2. Successive governments in central and eastern Europe pursue policies whereby children labelled with an intellectual disability are denied their right to education. These children – because of their disability – are placed in segregated schools or denied any form of education. These policies constitute discrimination based on disability. This form of discrimination is unlawful under international human rights law, and has no place in any society.
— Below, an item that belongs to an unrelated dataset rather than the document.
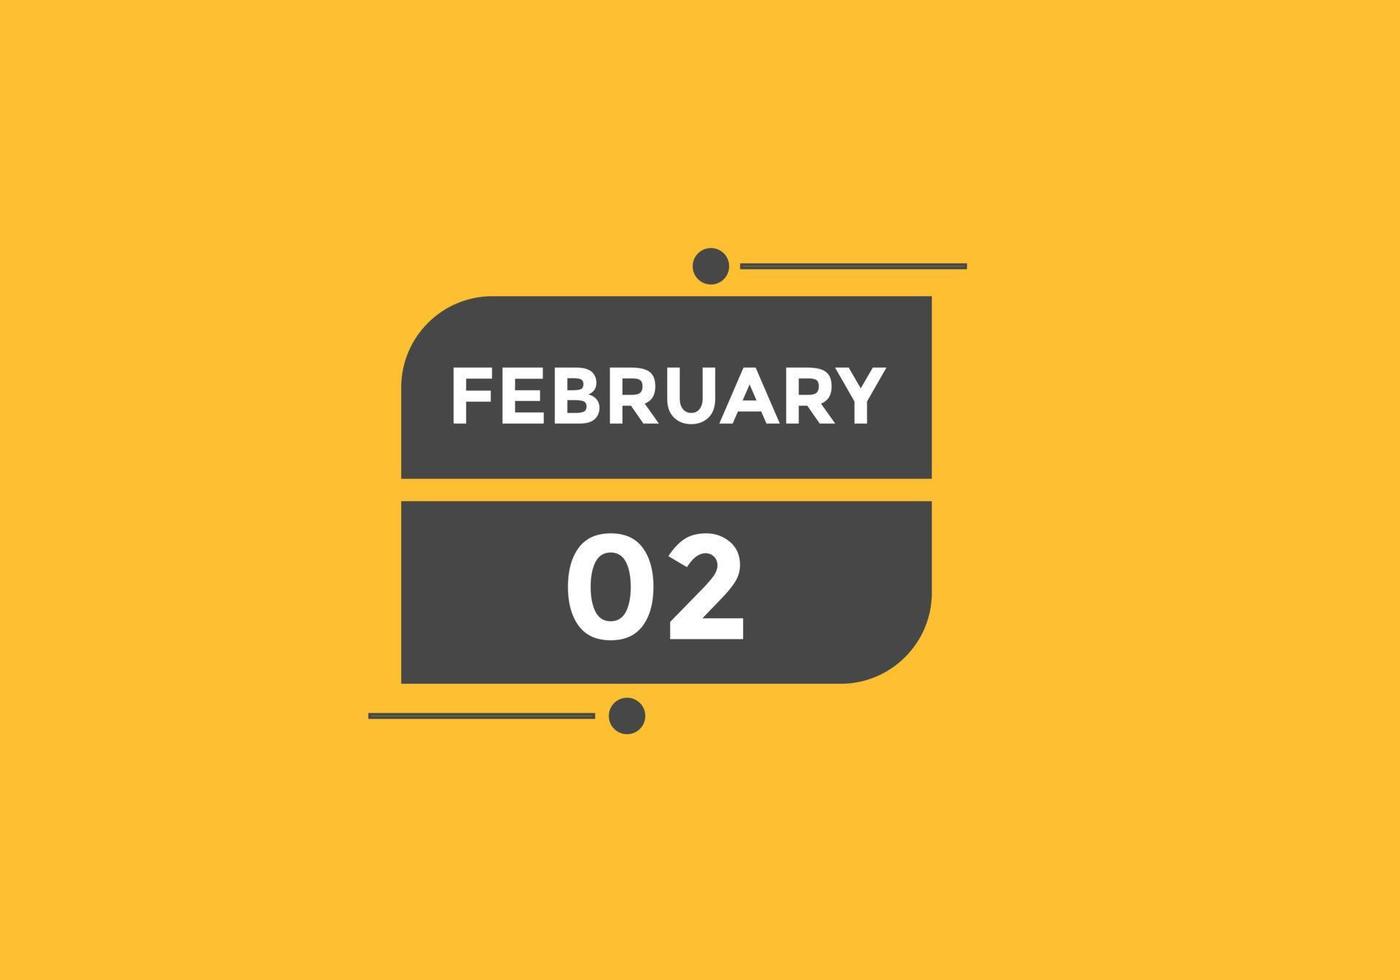 rappel du calendrier du 2 février. Modèle d'icône de calendrier quotidien du 2 février. modèle de conception d'icône calendrier 2 février. illustration vectorielle vecteur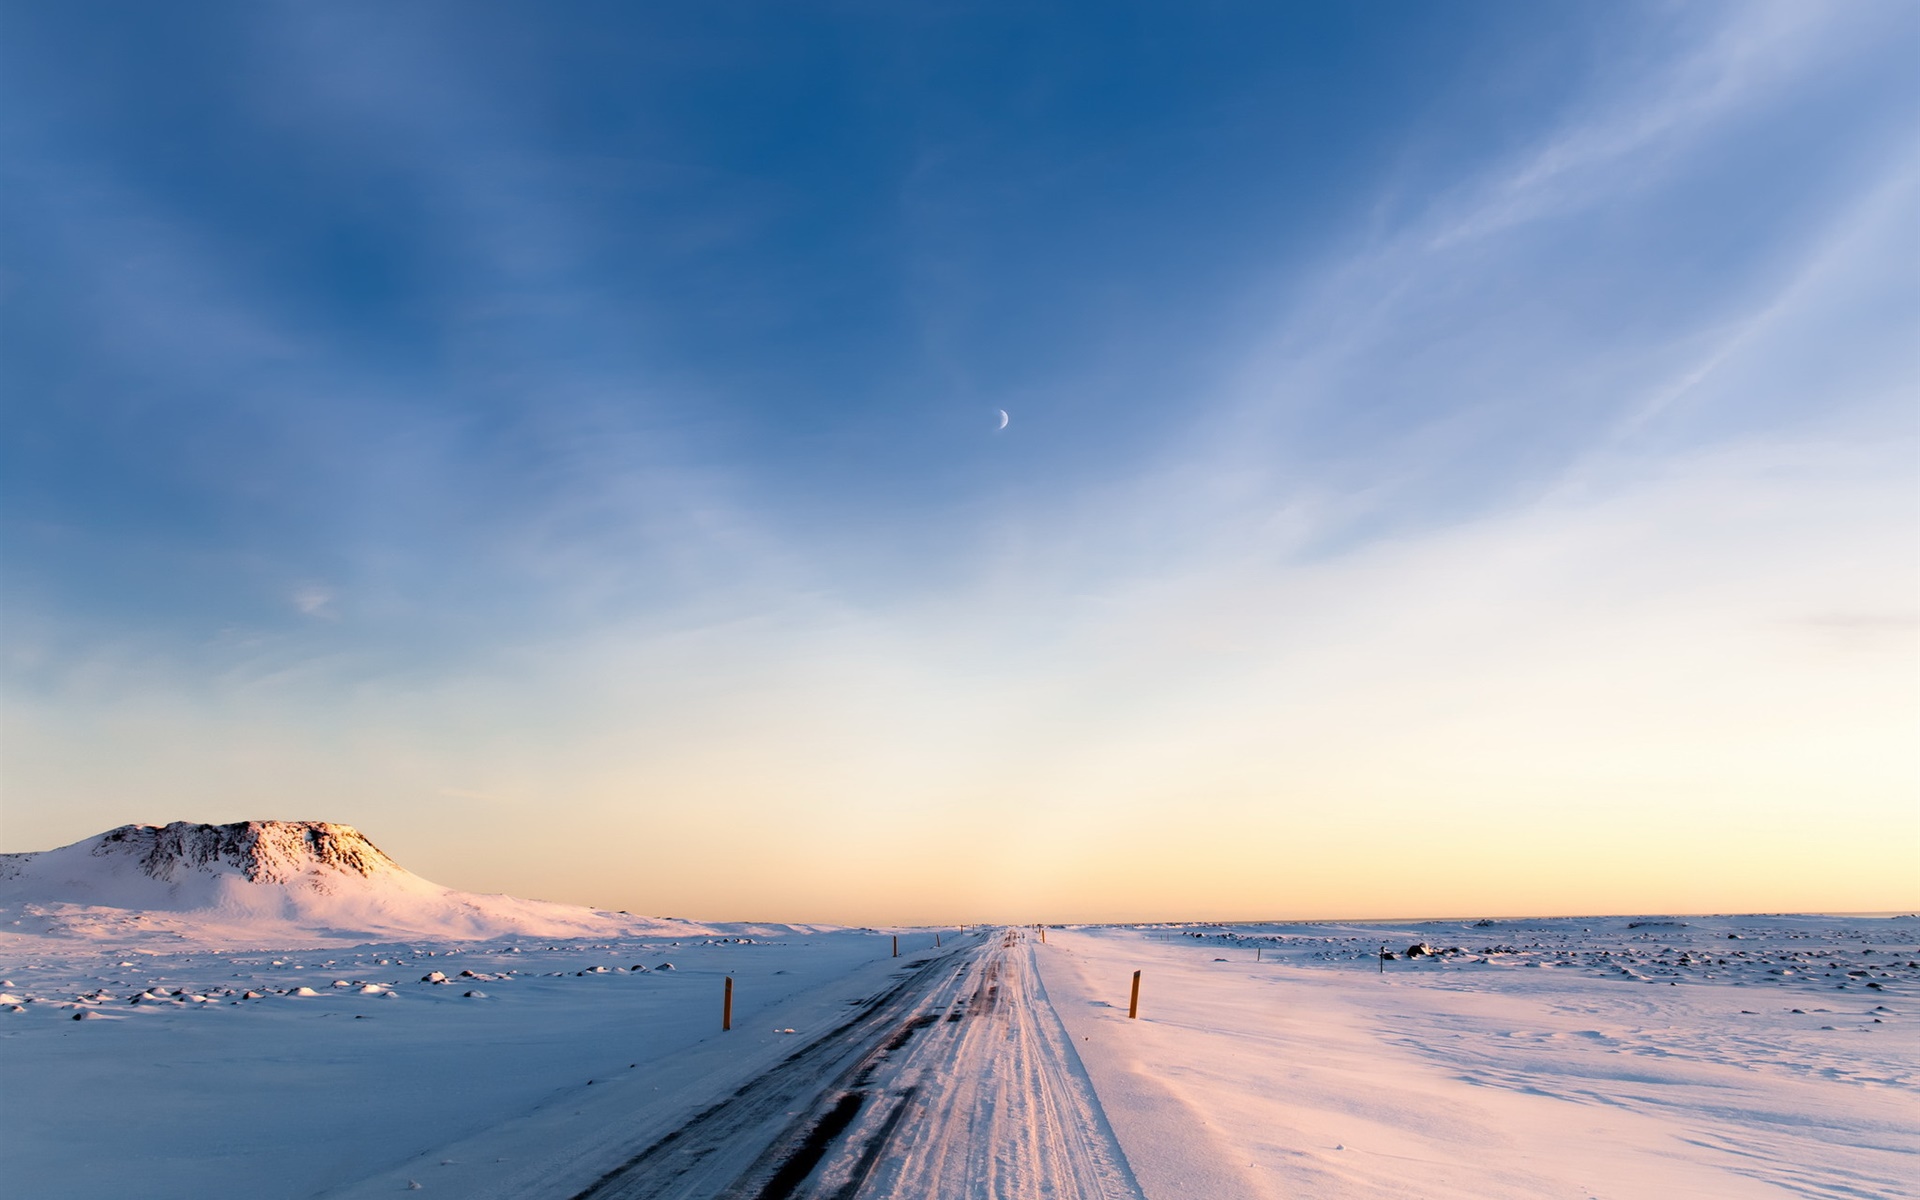 冰岛 冬季 雪 道路 早晨 天空桌面壁纸 1920x1200 壁纸下载 Cn Hdwall365 Com

What is inclusive education?
The UN Convention on the Rights of Persons with Disabilities (CRPD) sets out the most up-to-date articulation of the right to education in the menu of UN human rights treaties. It says that governments need to “ensure an inclusive education system at all levels” which need to be directed to various things. These include human potential, sense of dignity and self-worth, strengthening respect for human diversity. The Convention sets out a vision of education which aims to develop people’s “personality, talents and creativity”. Education should develop the child’s “mental and physical abilities, to their fullest potential”. It should do nothing less than enable people “to participate effectively in a free society.” For me, Article 24 of the CRPD is among the most moving prose in international human rights law. The CRPD roundly rejects the notion of the school as assembly line, making sure children pass exams so that they can become economically productive robots.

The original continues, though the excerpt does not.